Method: Thirty-six sedentary overweight adults, age 20 to 25 yr, volunteered as study subjects. Subjects were randomly assigned to: 1) exercise training with American Heart Association anti-atherosclerotic Step 1 (AHA-S1) diet (E+D, n=12), 2) exercise training alone (without the AHA-S1 diet) (EX, n=12), and 3) no-treatment control (CON, n=12). The E+D trained 45 min a day at 70% of VO2peak, 3 days/week and consumed the AHA-S1 diet for 12 weeks, while the EX trained at the identical exercise intensity, duration and frequency without the AHA-S1 diet for 12 weeks. The CON did not engage in exercise training and consumed preferred habitual diet for the same study duration. Study outcome measurements include a magnetic resonance imaging scan for visceral adipose tissue (VAT) and subcutaneous adipose tissue (SAT), body weight (BW), VO2peak, insulin concentration (IN), and fasting lipids.
Results: The E+D showed significant (p<0.05) reduction in VAT, SAT, WT and IN as well as increase in VO2peak and HDL-cholesterol. The EX showed significant (p<0.05) reduction in IN and increase in VO2peak and HDL-Cholesterol.
Conclusion: E+D was effective in lowering SAT, VAT, WT and IN as well as enhancing VO2peak and HDL-cholesterol, while EX was effective in lowering IN and enhancing VO2peak and HDL-cholesterol in sedentary overweight adults.
Keywords: Aerobic exercise, American Heart Association Step-One diet, MRI, Abdominal and visceral fat, VO2peak, LDL-cholesterol, HDL-cholesterol,
Studies have shown that there is a strong association between excess abdominal adipose tissue and the presence of metabolic risk factors [1,2]which include abdominal obesity, elevated plasma glucose, dyslipidemia, and hypertension [3,4]. Note that intra-abdominal fat includes retroperitoneal and intraperitoneal fat with the latter also known as visceral adipose tissue (VAT) [5,6]. VAT is considered an important biomarker of metabolic dysfunctions that are linked to cardiovascular disease [5-9]. Note that the effect of abdominal obesity including VAT contributes to insulin resistance or insulin sensitivity in overweight and obese people and also in non-obese people of normal weight [5,6]. Researchers have used computed tomography or magnetic resonance imaging (MRI) to categorize adipose tissue mass at the abdominal level into intra-abdominal fat and subcutaneous fat [10,11,12]. The advantage of employing MRI scan in assessing abdominal obesity is that it can accurately quantify VAT distribution and is a safe, non-invasive and non-radioactive technology that can be used in weight control study with pre-intervention and repeated follow-up assessments of regional adipose tissue distribution [10-12].

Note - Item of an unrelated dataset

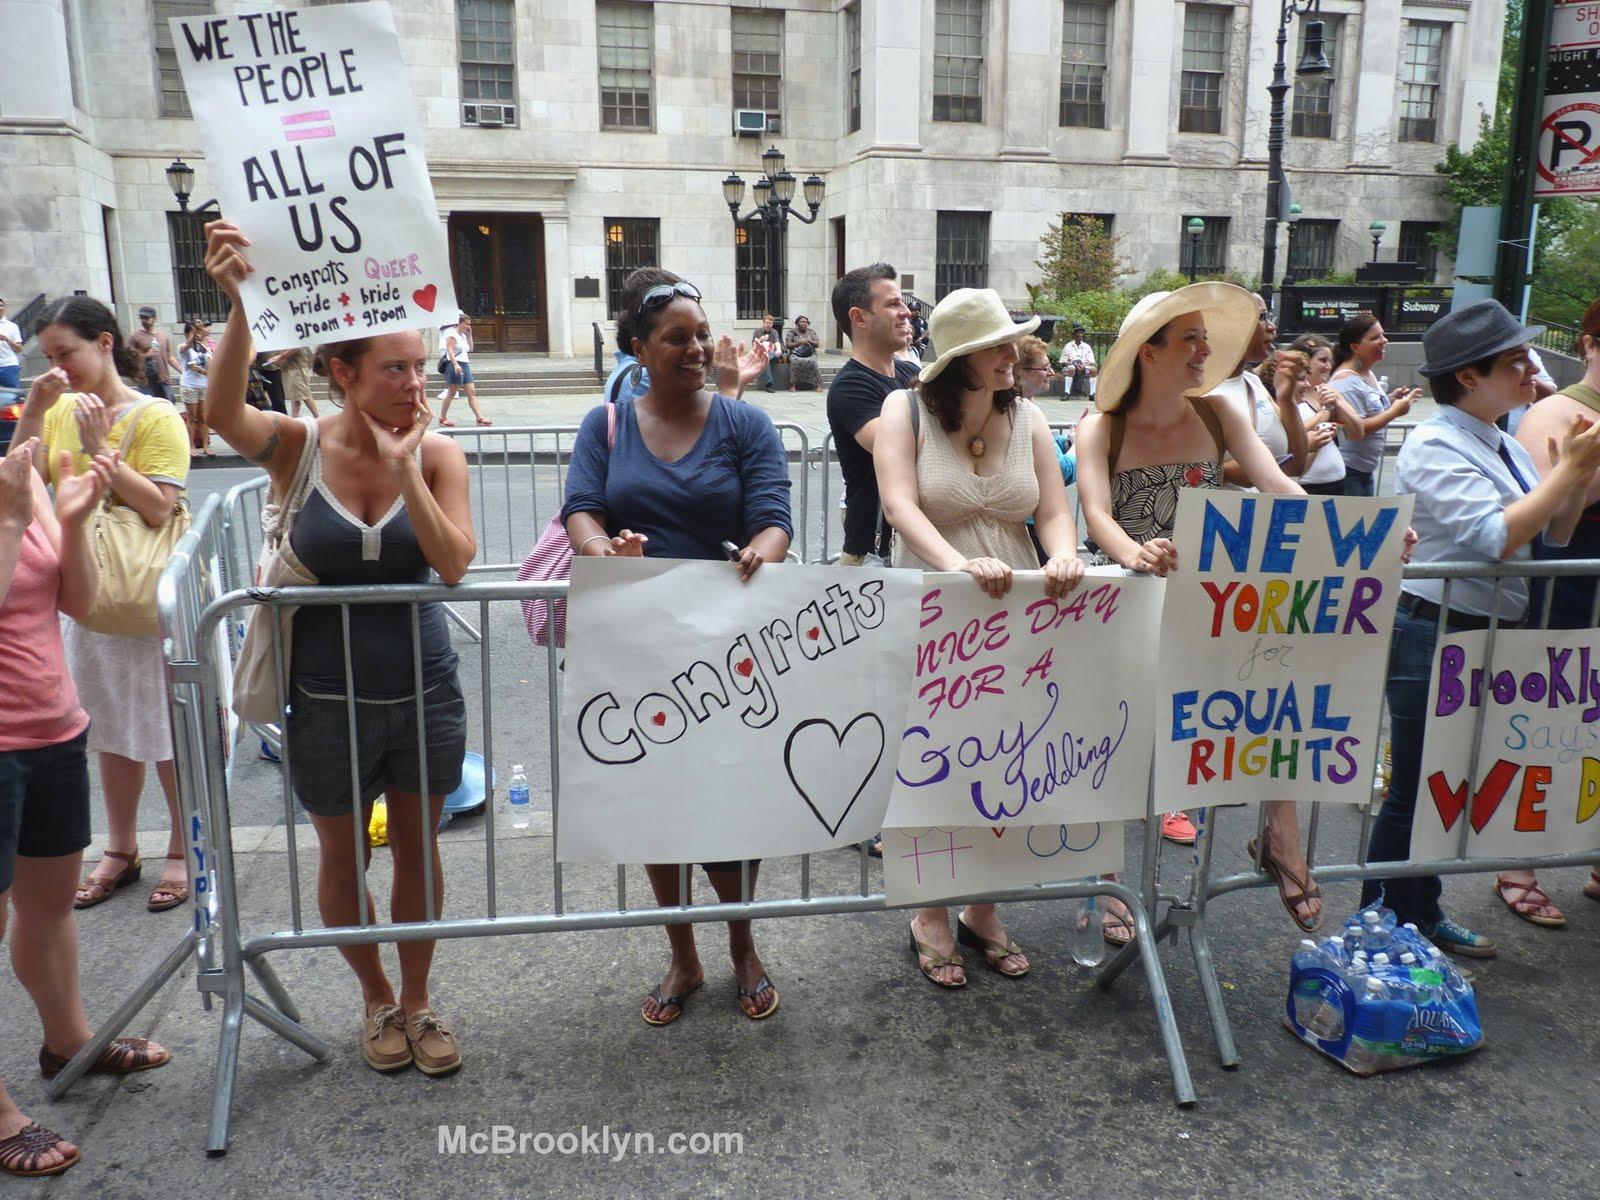 gay mar 3 MKMetz victoria secret young models

Studies have shown that in sedentary overweight adults, training with aerobic exercise enhanced cardiorespiratory fitness [13-15], and lowered body weight, VAT [16-20], risk factors for cardiovascular disease [15,21], fasting insulin and triglyceride levels [16]. Although the independent effect of exercise training and weight loss on metabolic disorders has been investigated, the inter-relationship of exercise and abdominal obesity, VAT and cardiovascular disease is unknown [22-26]. It is unclear if exercise training with an anti-atherosclerotic diet can induce weight loss, lower VAT distribution and the risk for the development of metabolic disease in young sedentary and overweight adults. The purpose of this study was to examine the effect of exercise training and anti-atherosclerotic diet intervention on VAT distribution, subcutaneous adipose tissue (SAT), serum lipid profiles and insulin (IN) concentration, and cardiorespiratory fitness in young sedentary overweight adults. We hypothesize that exercise training with dietary intervention will lower VAT, SAT, serum lipid profiles and insulin concentration and enhance cardiorespiratory fitness in young sedentary overweight adults.

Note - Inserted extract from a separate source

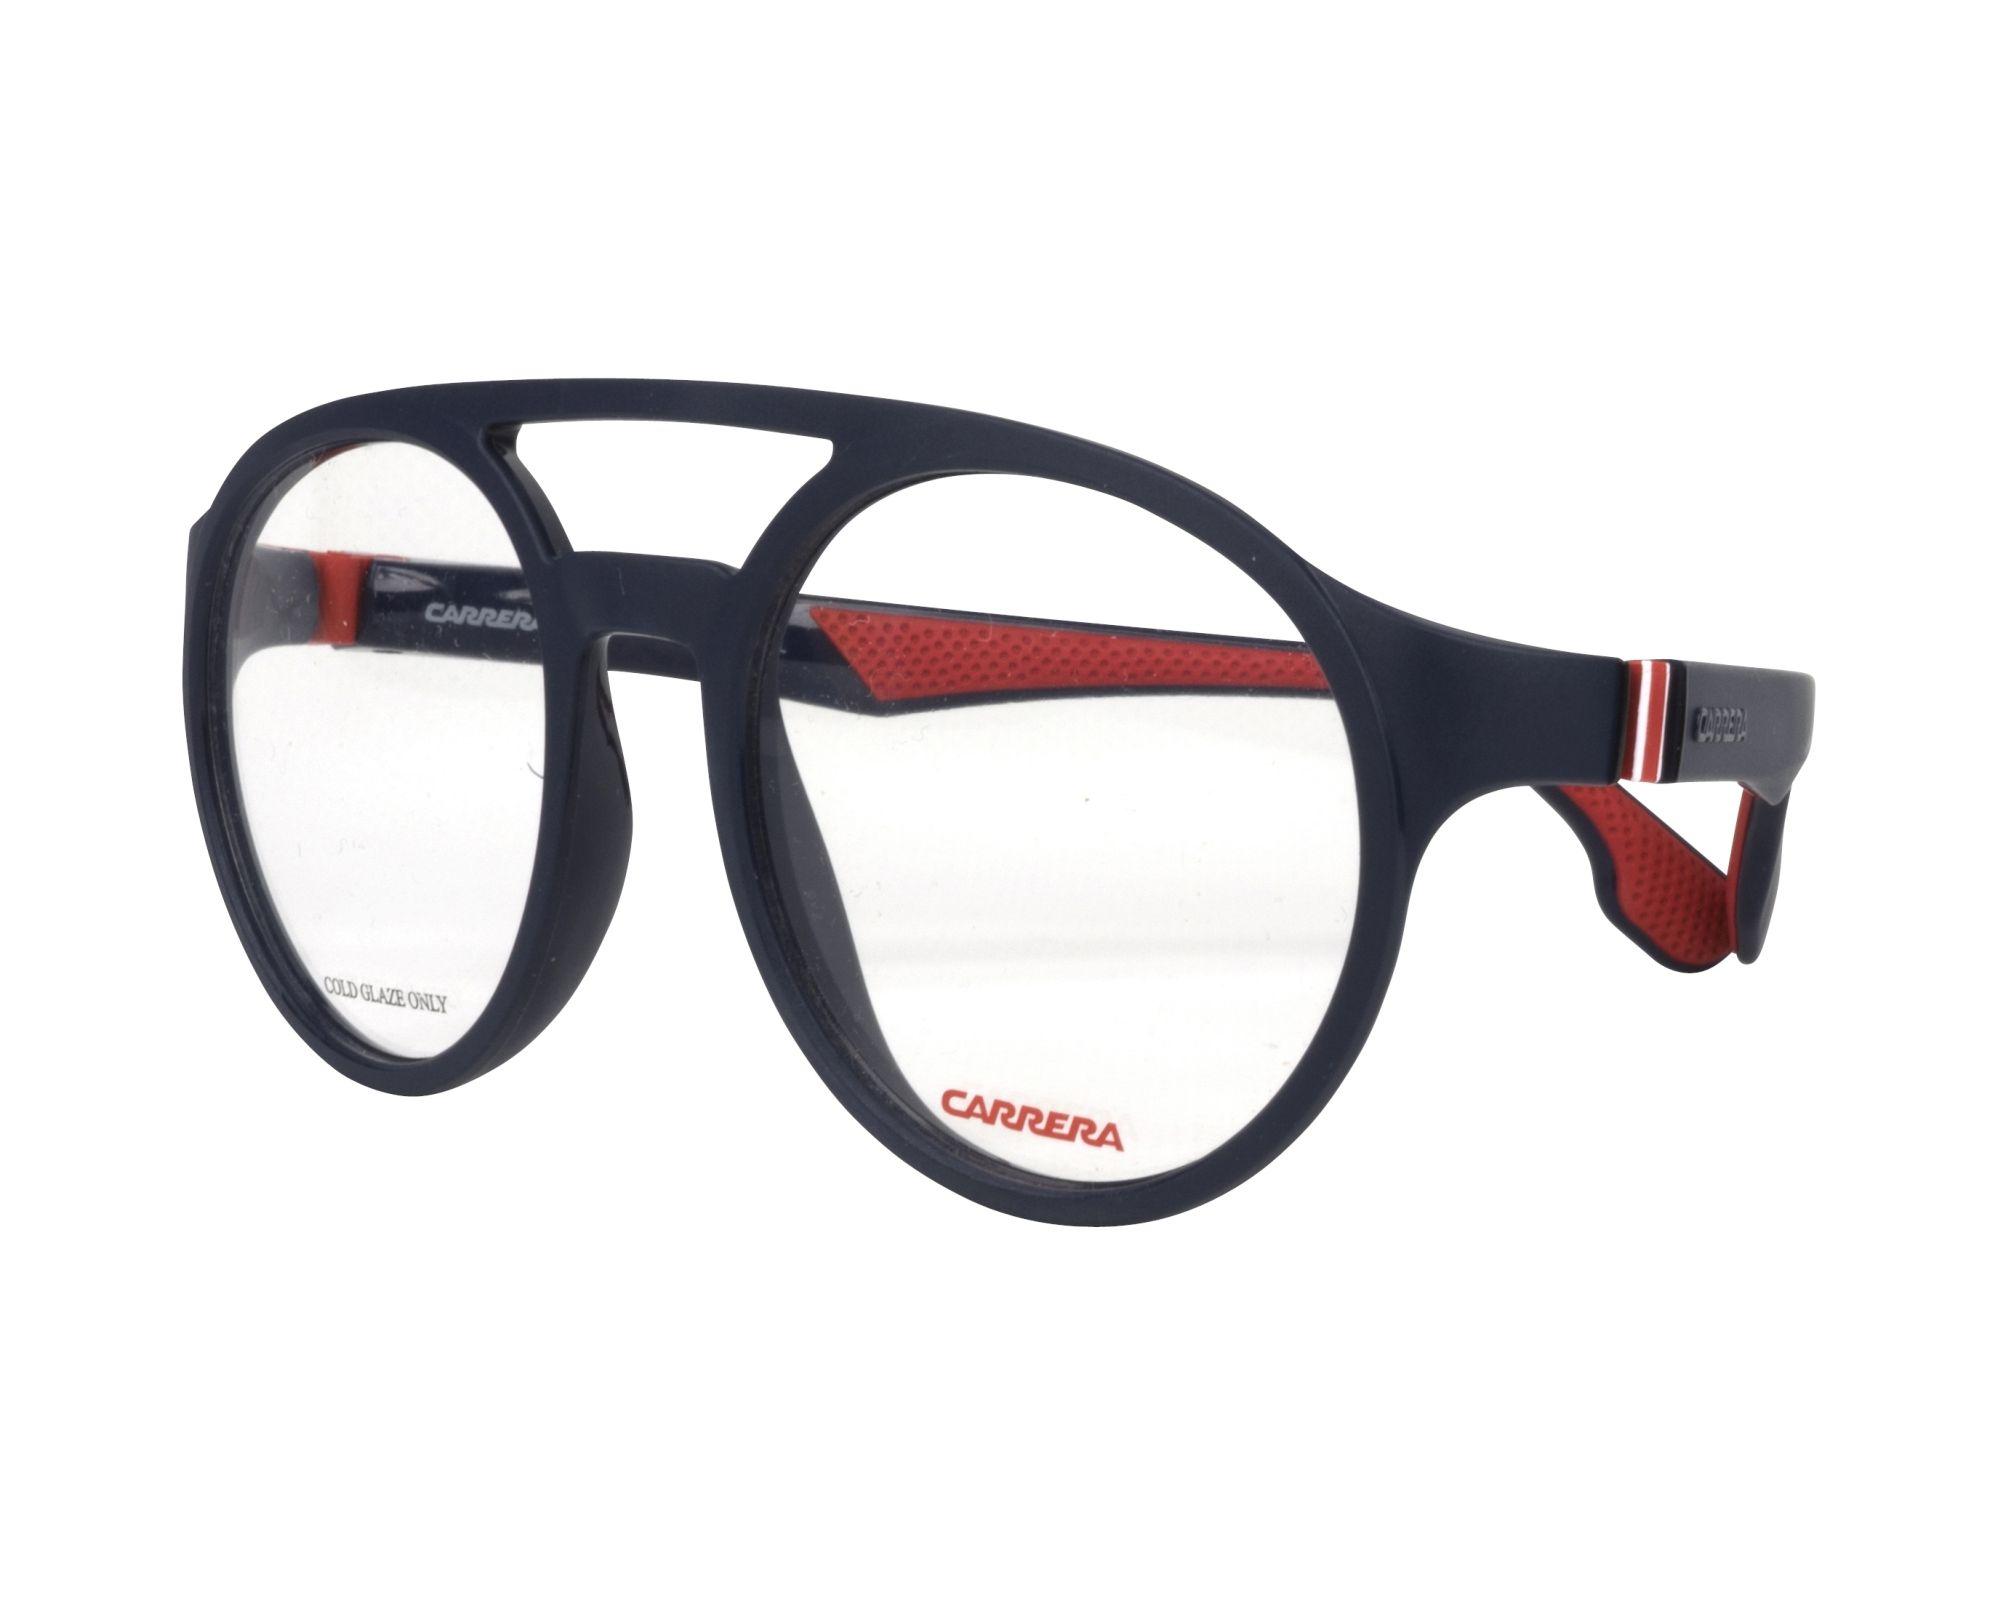 eyeglasses Carrera 5548-V FLL 51-19 Blue Red profile view dacc6b7e2f0

Thirty-six sedentary overweight adults volunteered for this study. The inclusion criteria are sedentary adults (men = 19), age 19 – 25 yr, with body mass index (BMI) between 24.0 and 31 kg/m2. The exclusion criteria include those with a BMI ≥32 kg/m2 and having the following diseases or health conditions: cardiovascular, pulmonary, liver, kidney, gastrointestinal disease or cancer, orthopedic disorders or eating disorders, and use of any tobacco product or alcohol. “Sedentary” behavior was defined as participation in less than 30 min per day, 2 or less days per week in aerobic exercise or strength training for the past 2 years (ACSM’s 2018) and having a VO2peak ≤ 35 ml/ kg/min for men or ≤ 28 ml/kg/min for women. All subjects signed a written informed consent approved by the Institutional Review Board of the National Taiwan Normal University and Pingtung Christianity Hospital to serve as study subjects. The research procedures used in this study adhere to the principles of the Declaration of Helsinki.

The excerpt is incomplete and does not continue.